FEAR AND GREED CONSENSUS (Negative Consensus/Bull Market Indicator) Head for the hills!
August 13, 2014
No it’s not another Sharknado alert. It’s the apparent unanimous feeling of investors that something really bad is about to happen to stocks. The latest snapshot from the CNN Fear and Greed sentiment indicator paints a picture of downright fear.
Suffice to say, investors have been taken on one heck of a roller coaster ride. When we last checked in to the indicator in June, sentiment was nicely perched in the Extreme Greed zone. Prior to that in March the index was again in Extreme Fear, but nothing like it is now. As of this writing, the index was posting an 8 indicating, Uber Extreme Fear (we added the Uber). In the time we have been observing this index, it has never reached into the single-digits.
When you break down the indicators used, it’s a pretty ugly picture.
- The S&P 500 is 2.03% above its 125-day average, compared to 4.94% in June.
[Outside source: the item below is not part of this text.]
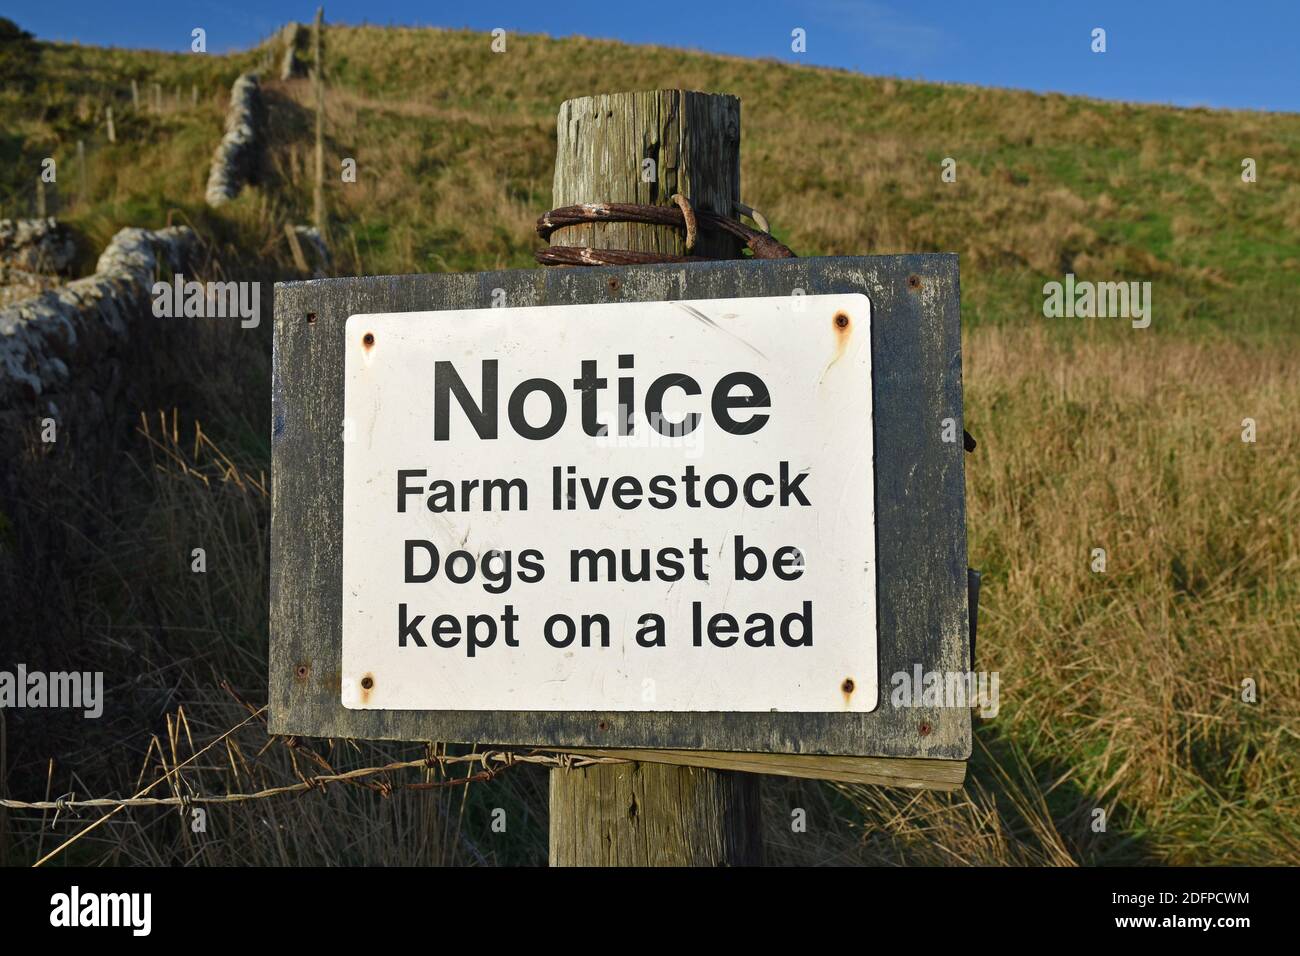 Isolated black and white sign with text: Notice Farm livestock Dogs must be kept on a lead. Blurred stone wall and field background. Stock Photo

During the last two years, the S&P 500 has typically been further above this average than it is now, indicating that investors have become less confident in market returns going forward.
- During the last five trading days, volume in put options has lagged volume in call options by 38.96% (vs 45.64% in June) as investors make bullish bets in their portfolios. However, this is still among the highest levels of put buying seen during the last two years, indicating extreme fear on the part of investors.
- Bonds have outperformed stocks by 2.64 percentage points during the last 20 trading days. This is opposite from June where stocks were outperforming bonds by 3.09 percentage points. This is close to the weakest performance for stocks relative to bonds in the past two years and indicates investors are fleeing risky stocks for the safety of bonds.
- The McClellan Volume Summation Index measures advancing and declining volume on the NYSE. During the last month, approximately 0.64% more of each day's volume has traded in advancing issues than in declining issues (In June is was 13.88%) This indicates that market breadth is worsening, though the McClellan Oscillator is still towards the lower end of its range for the last two years.
- The CBOE Volatility Index (VIX) is at 13.82 and remains stubbornly entrenched in the lower teens. This is a neutral reading and indicates that market risks appear low. Complacency appears to be rampant.
- The number of stocks hitting 52-week highs exceeds the number hitting lows but is at the lower end of its range, indicating extreme fear.
- Investors in low quality junk bonds are demanding 2.21 percentage points in additional yield over safer investment grade corporate bonds. In June the spread was 2.16 percentage points. This spread remains higher than what has been typical during the last two years and indicates that investors are highly risk averse.
And yet…the stock market indexes trudge along to near record highs. There have been a lot of stops and starts, mostly as a result of geopolitical flare-ups, but the stock market seems to have an extra thick layer of Teflon. Nothing seems to be sticking to it. As long as interest rates continue to track at next to nothing, the environment is there to pick up yield, which is a heck of a lot better than lending it out. Euro rates are now negative. Germany 2-year bonds are posting negative rates.